* Data provided *
● ● ●

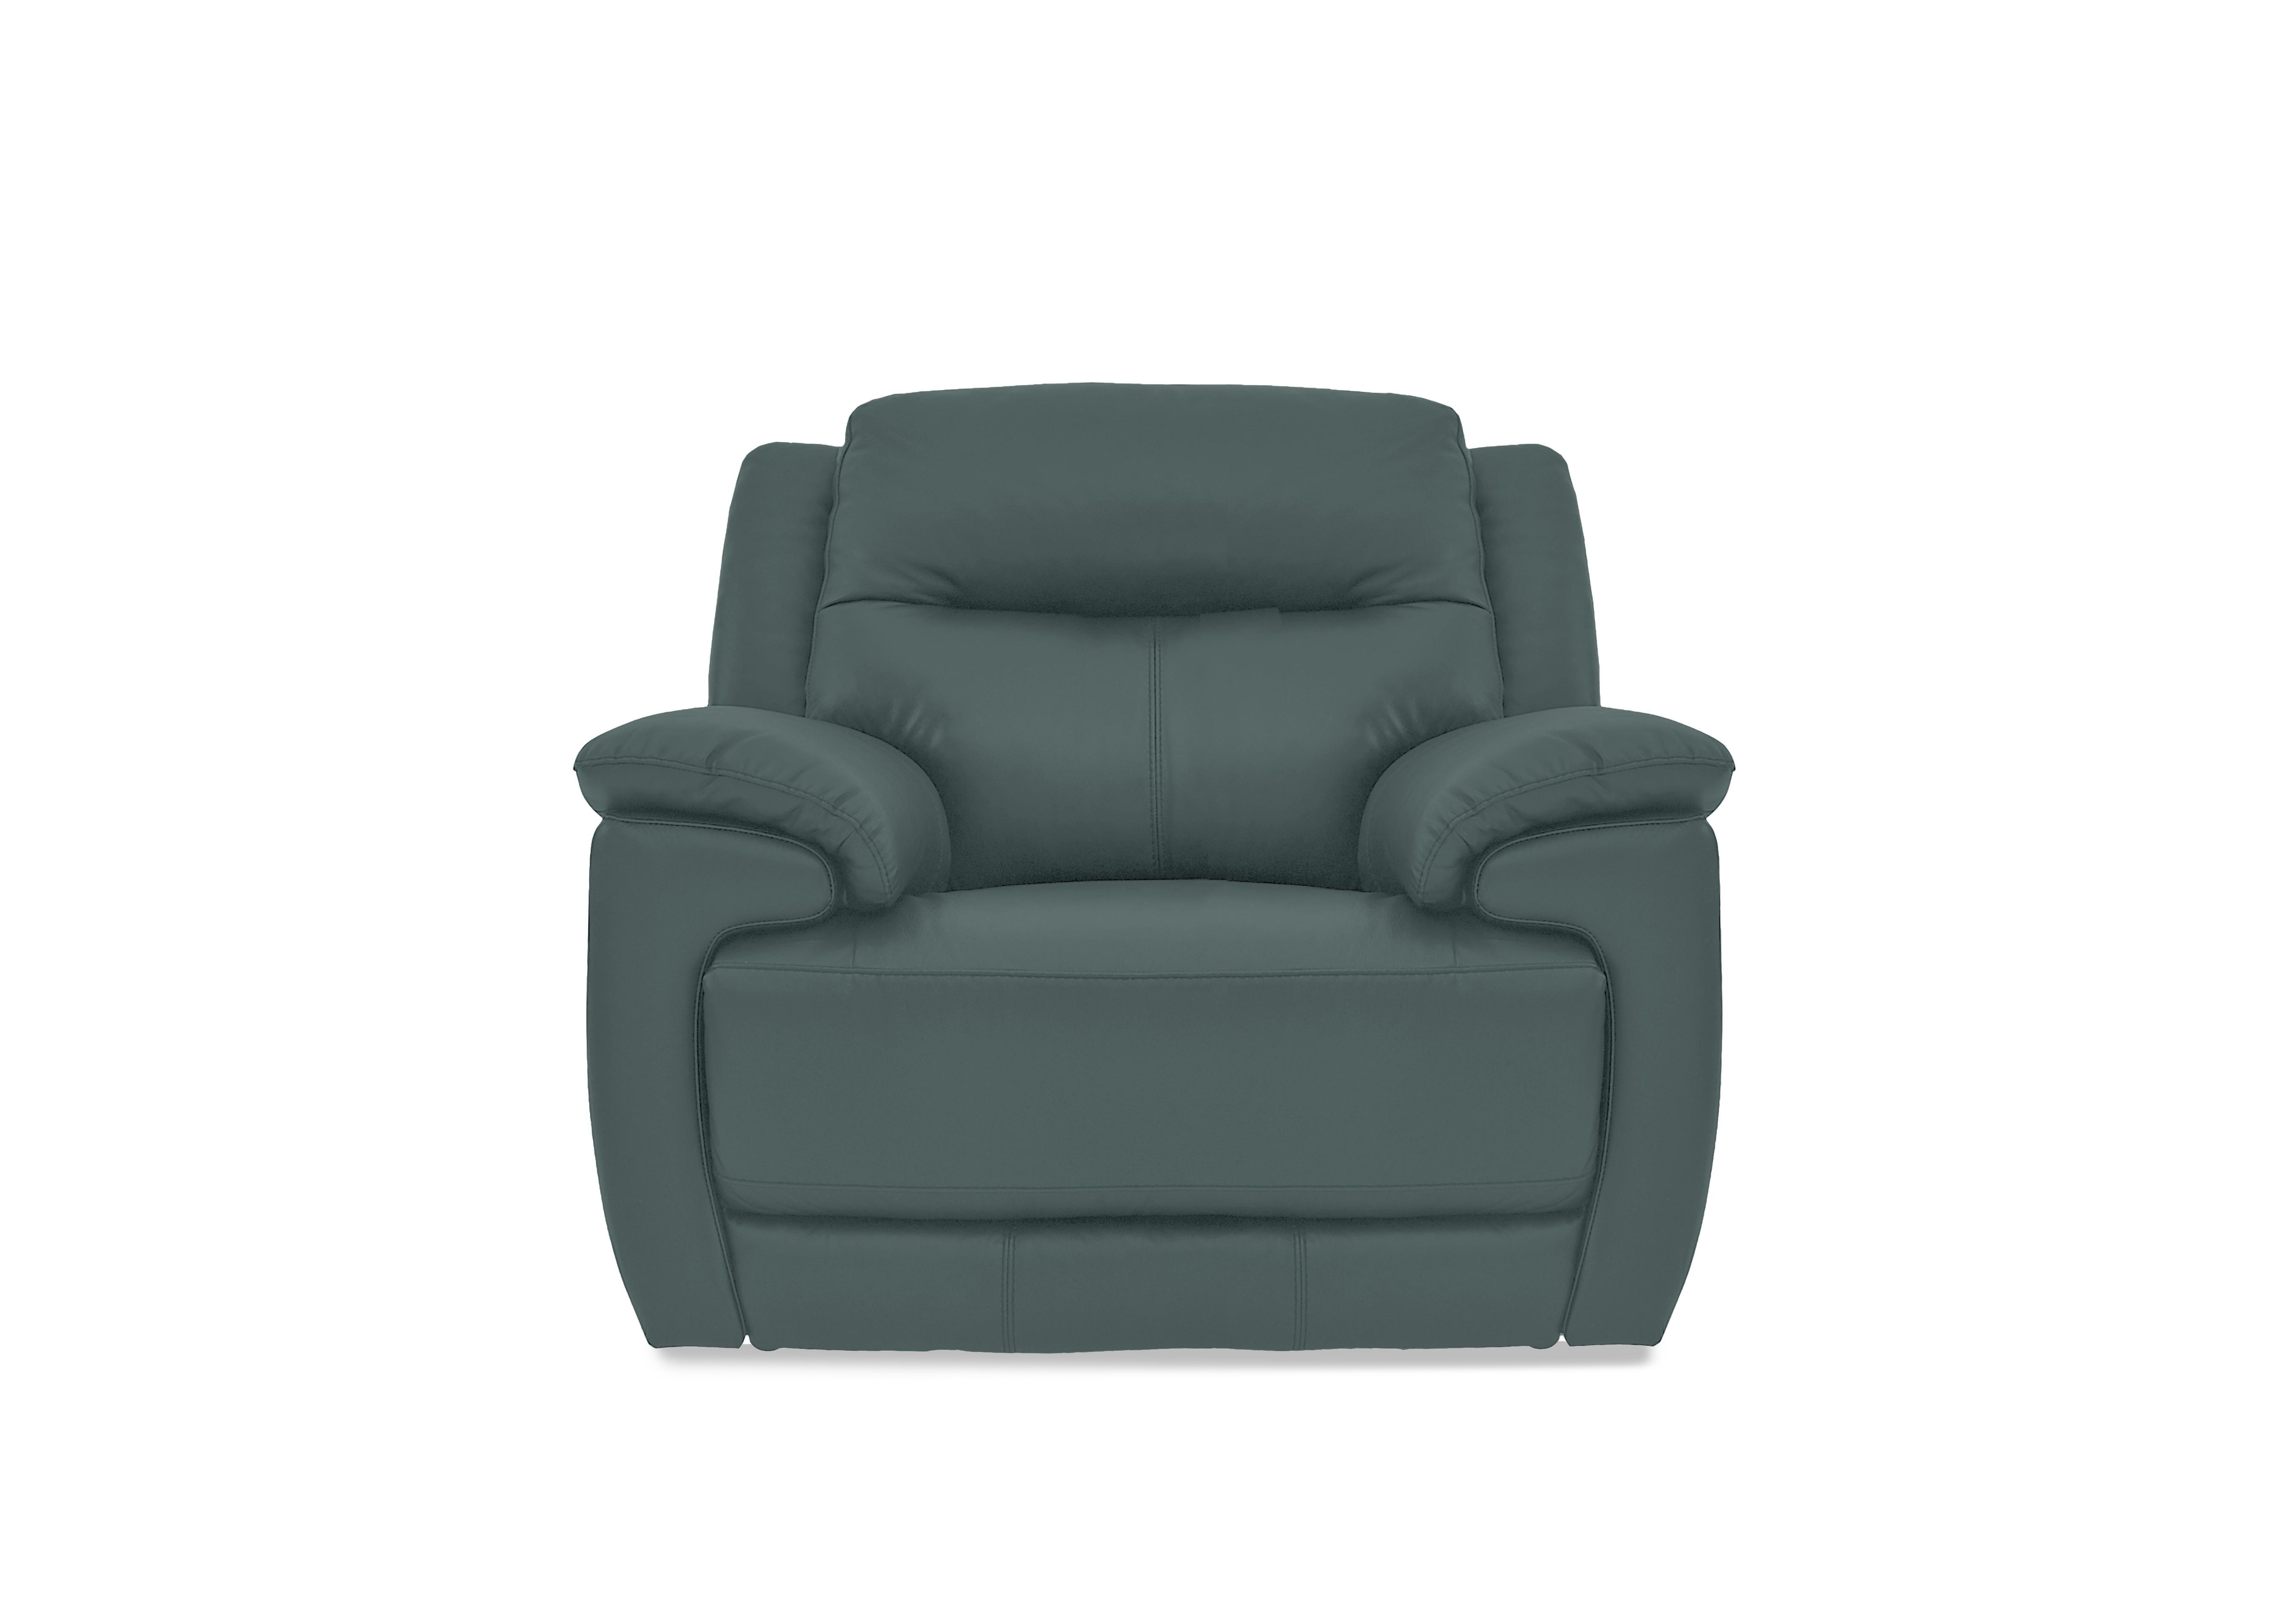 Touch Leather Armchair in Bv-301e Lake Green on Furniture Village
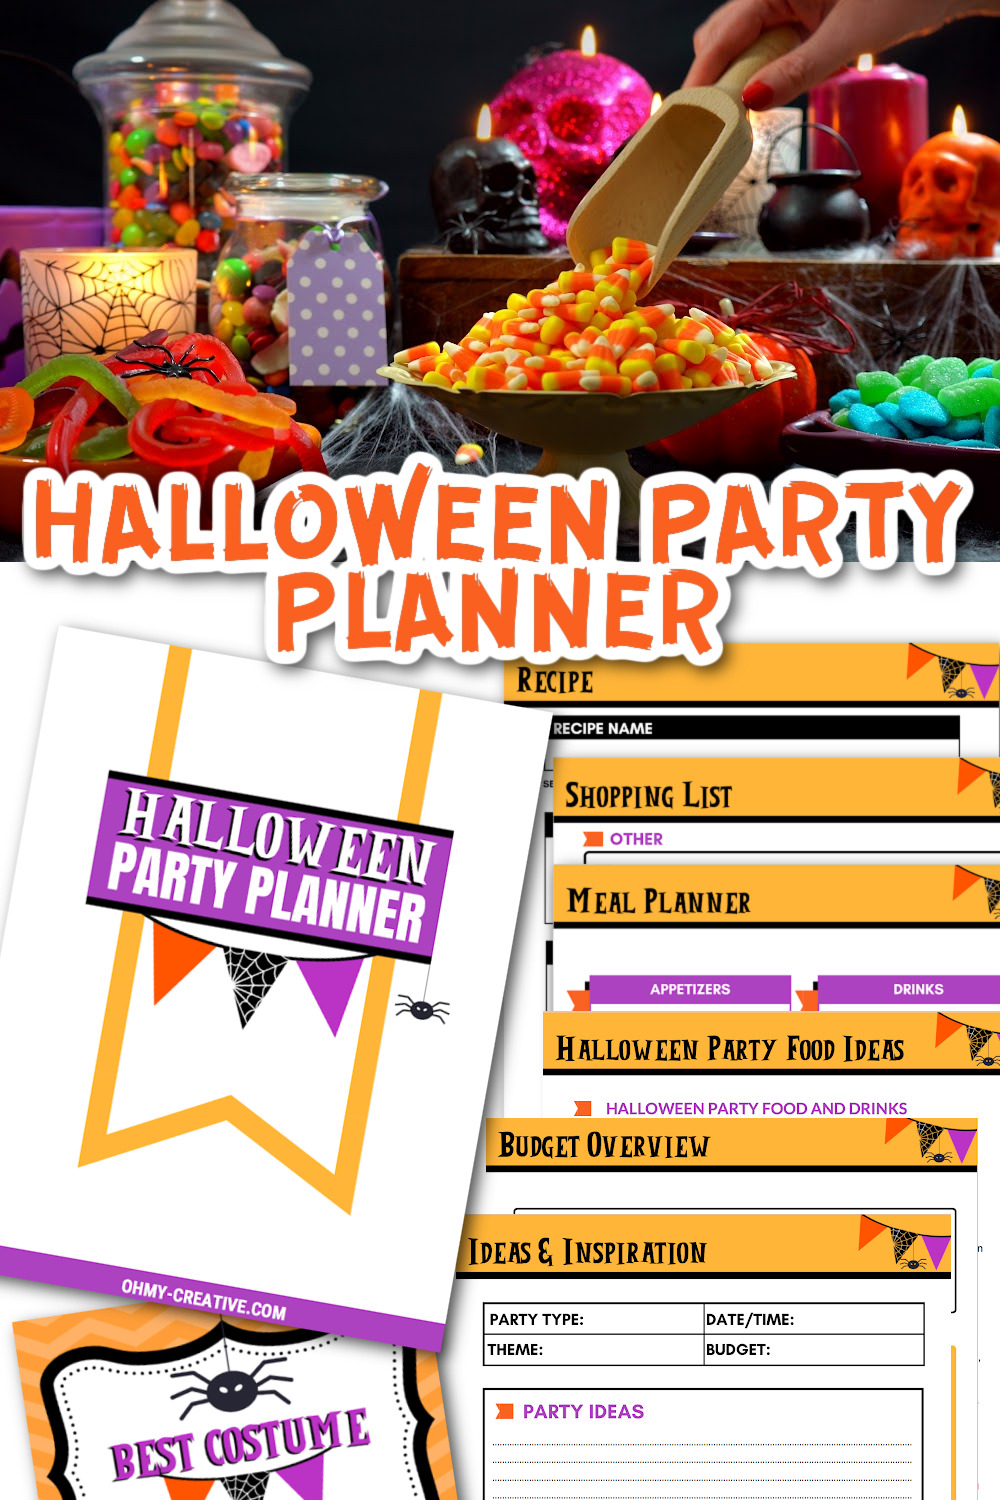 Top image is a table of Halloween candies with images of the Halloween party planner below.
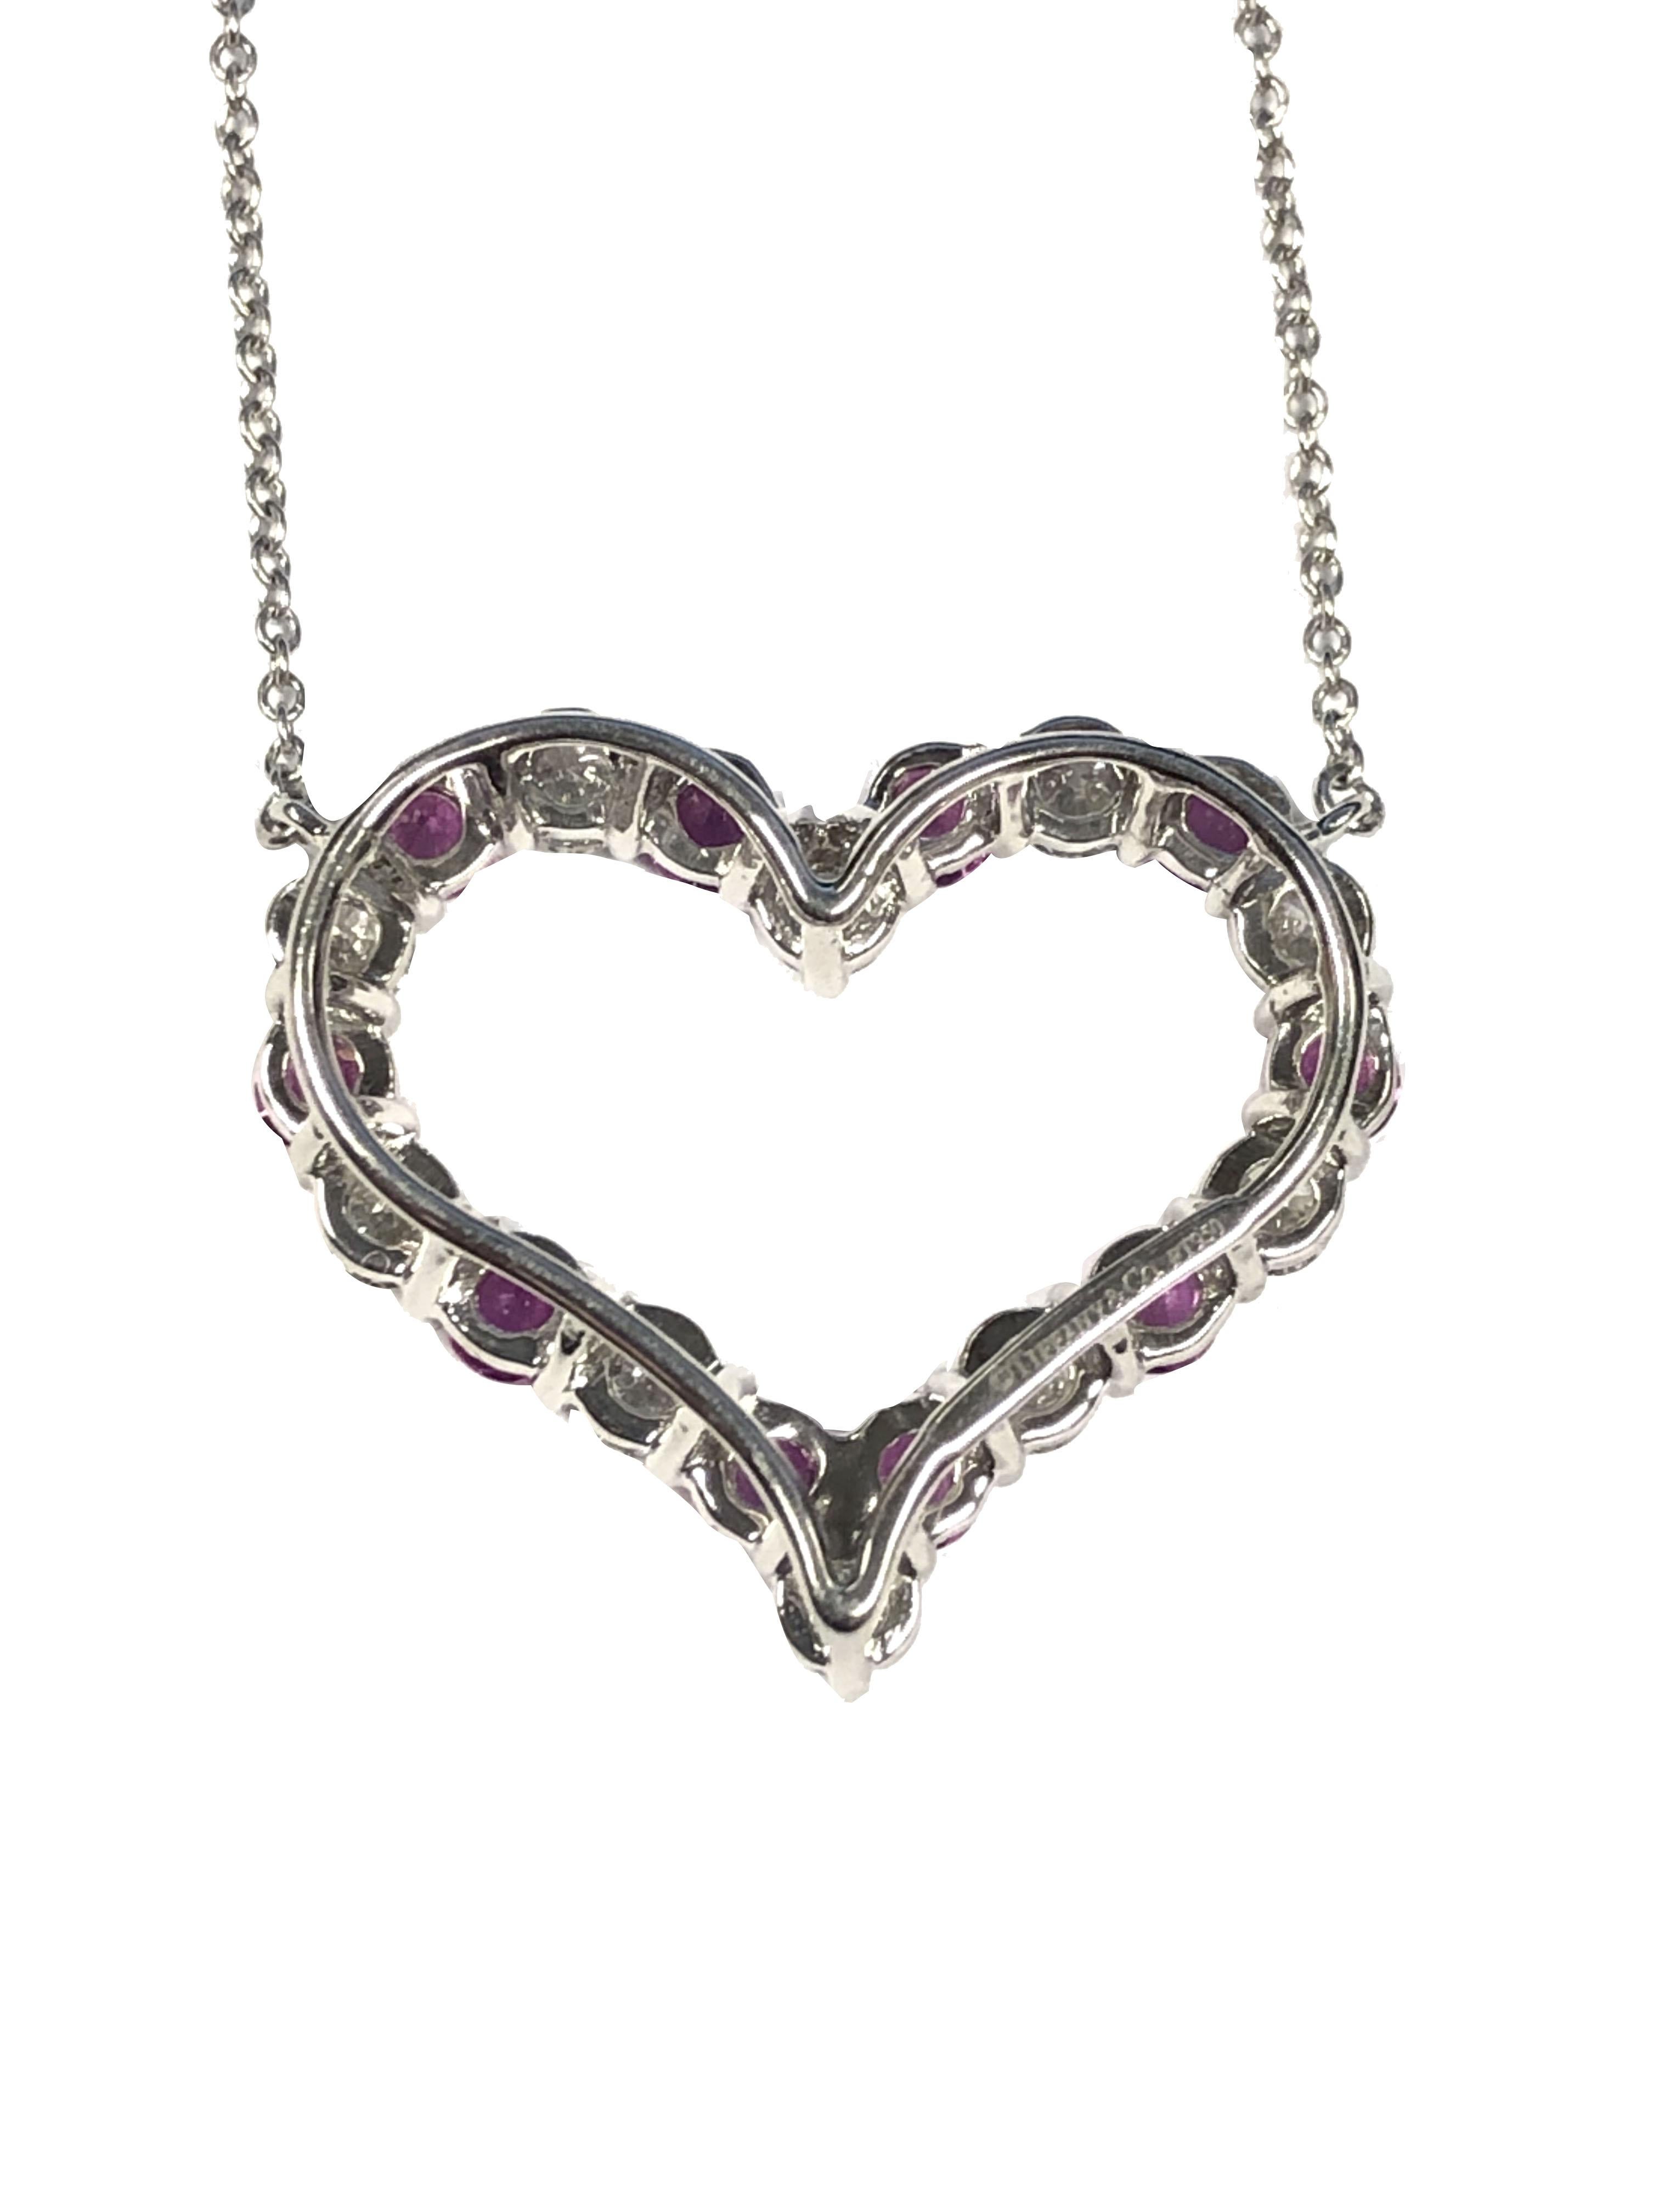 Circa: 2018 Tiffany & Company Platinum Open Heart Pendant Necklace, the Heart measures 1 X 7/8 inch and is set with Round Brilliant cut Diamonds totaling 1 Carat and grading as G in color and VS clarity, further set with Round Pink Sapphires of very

● ● ●

Starting at the first line of the data, set down each line exactly until you have copied the line with "Top image is", but leave the pictures out.

* Output *
 Touch Leather Armchair in Bv-301e Lake Green on Furniture Village
 Top image is a table of Halloween candies with images of the Halloween party planner below.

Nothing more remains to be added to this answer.